Sei brand del lusso hanno vinto la causa intentata contro un sito internet con base in Pakistan che agisce con la stessa modalità di eBay, mettendo in contatto venditore e acquirente. Una corte federale californiana (le cui sentenze hanno valore sovrastatale) ha stabilito che il sito Tradekey.com e il suo proprietario (Sawabeh Information Services Co. con base in Arabia Saudita) sono co-responsabili se i siti che promuovono vendono prodotti di lusso falsi.

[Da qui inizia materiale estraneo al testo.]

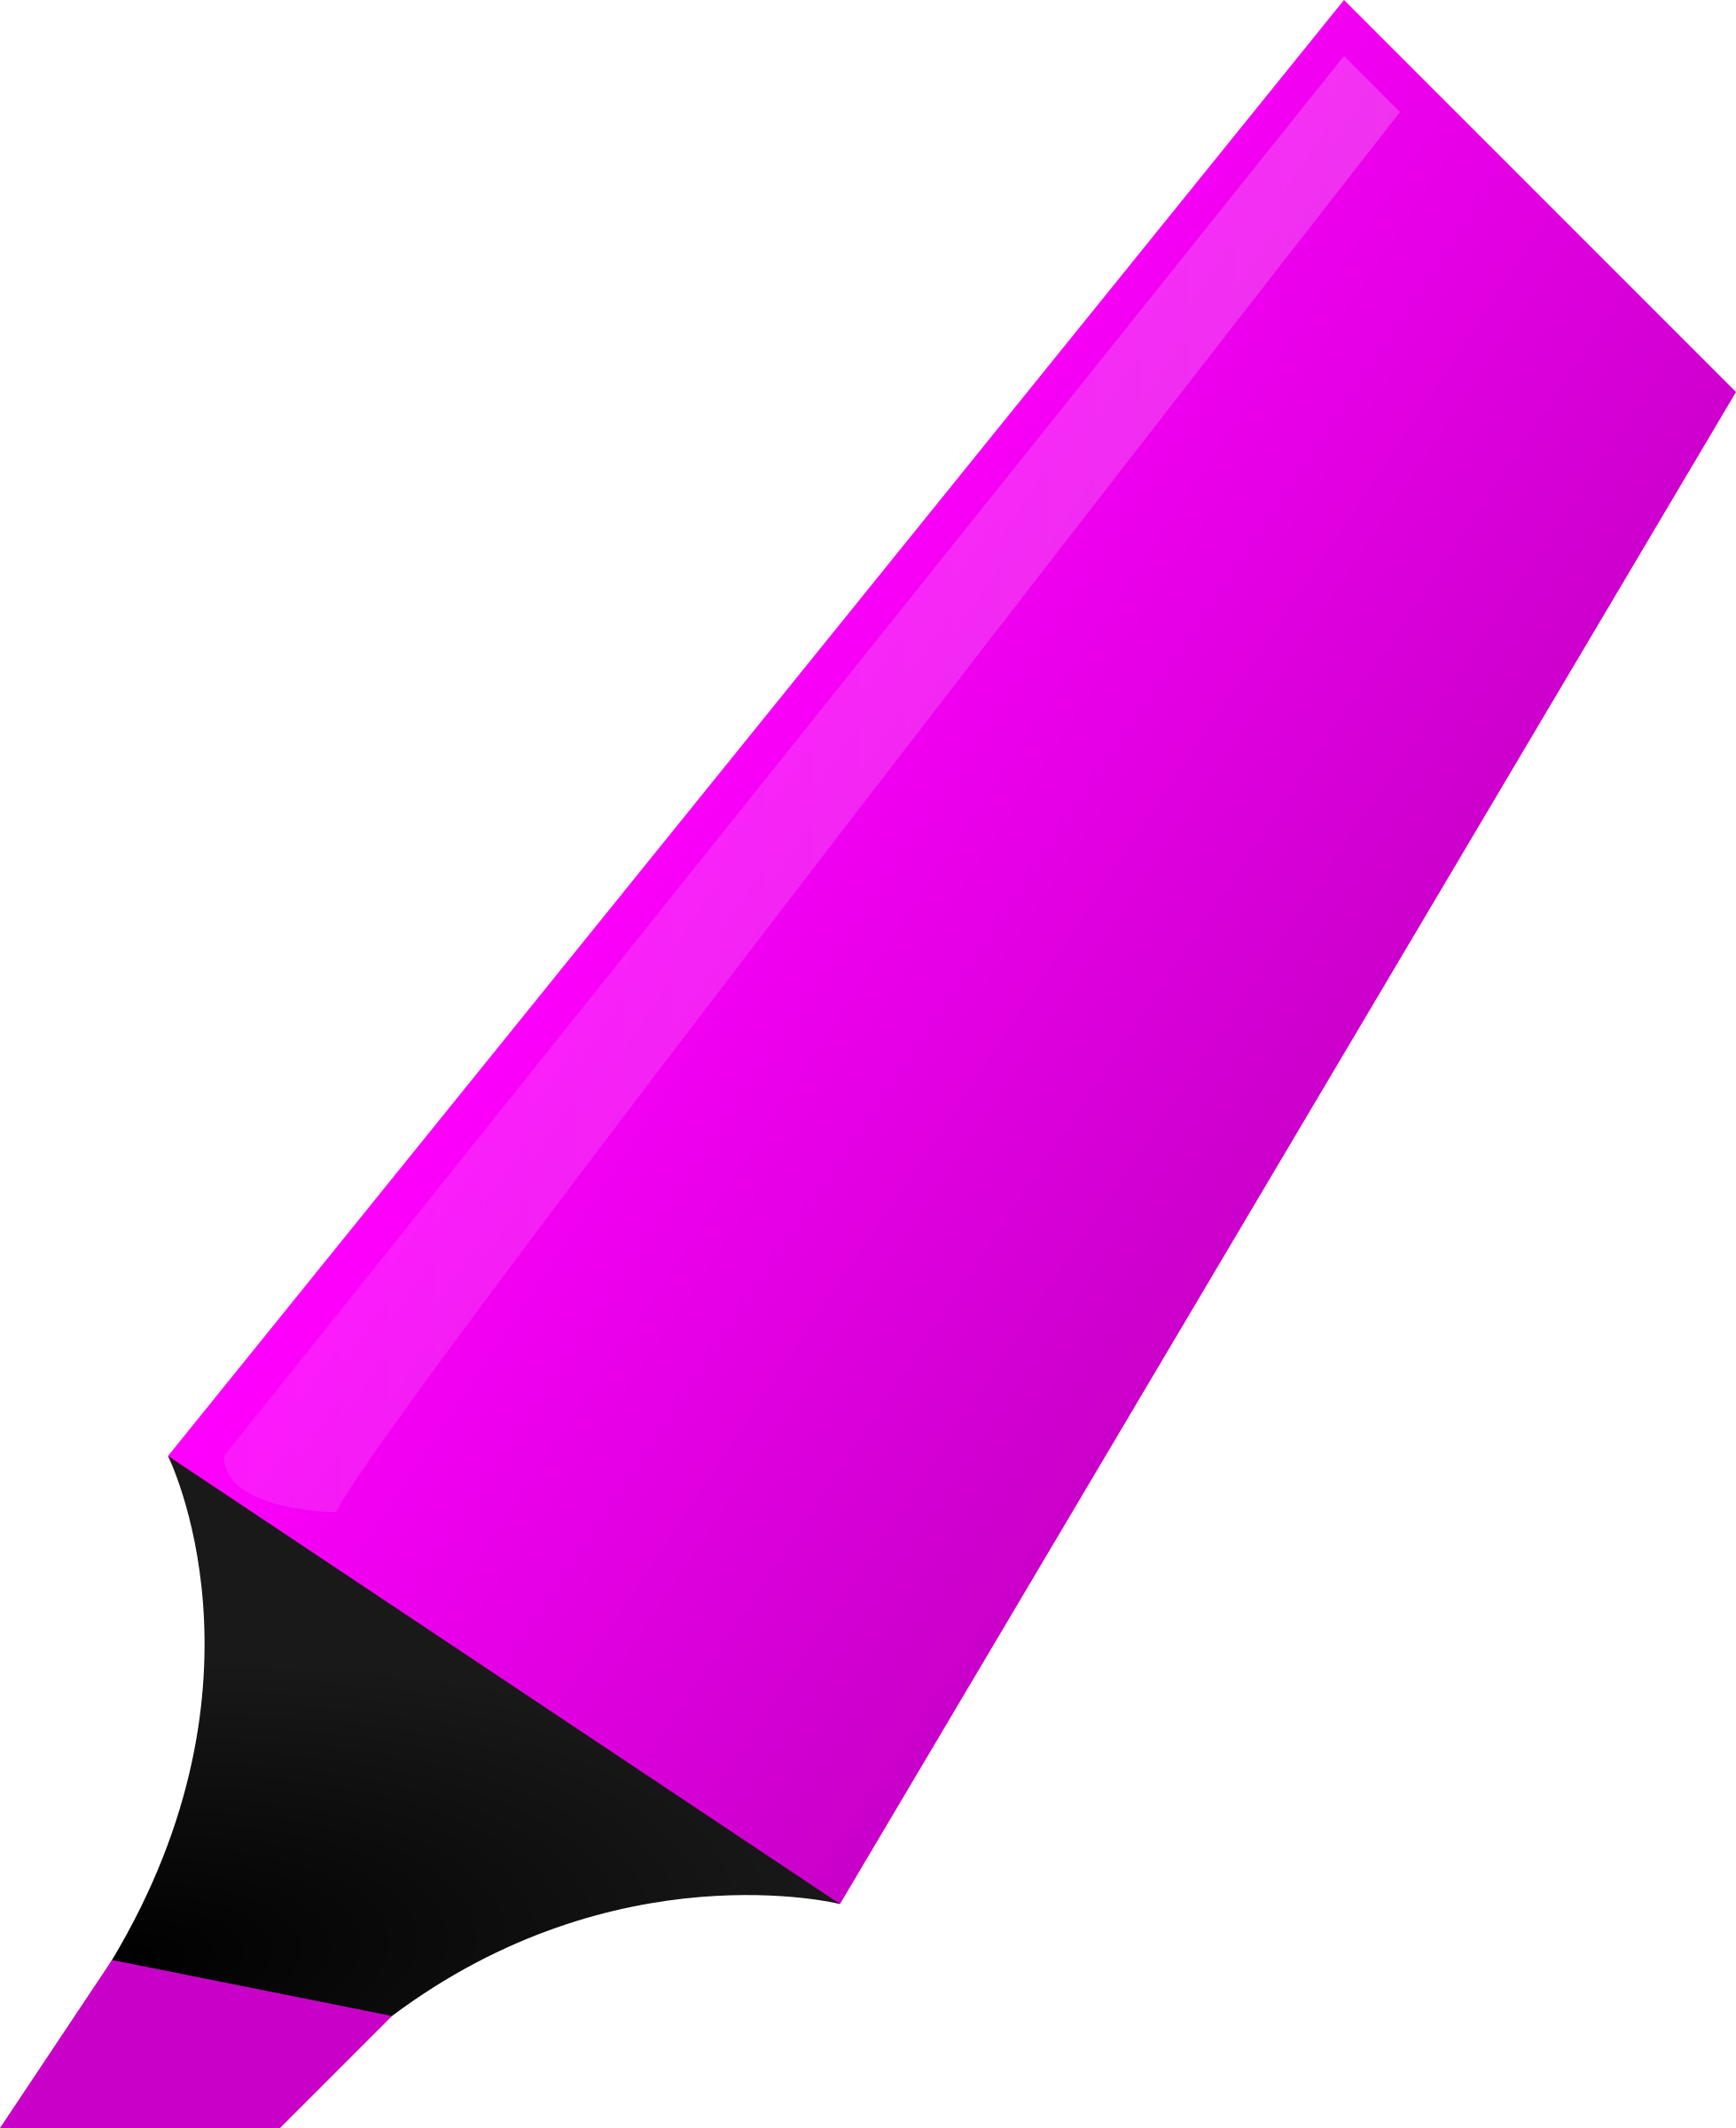 Highlighter clipart clip art royalty free library Free Highlighter Cliparts, Download Free Clip Art, Free Clip ... clip art royalty free library

Tale sentenza è significativa, perché succede a quelle sfavorevoli del 2010 (corte d’appello inclusa) quando Tiffany non riuscì a ottenere analoga decisione nei confronti di eBay. I giudici di allora affermarono che l’accusa avrebbe dovuto presentare evidenti prove del fatto che eBay era a conoscenza che i prodotti venduti dai web-site affiliati fossero falsi, coincidenza molto ardua di comprovare. In questo caso, il successo è stato possibile grazie all’attività di un’azienda-investigatore che si è associata al sito condannato e che ha cominciato a vendere prodotti contraffatti promossi come tali da Tradekey.com.
La causa è stata promossa da Richemont, Alfred Dunhill, Montblanc-Simplo, Officine Panerai AG, Cartier International e Lange Uhren GmbH. (pt)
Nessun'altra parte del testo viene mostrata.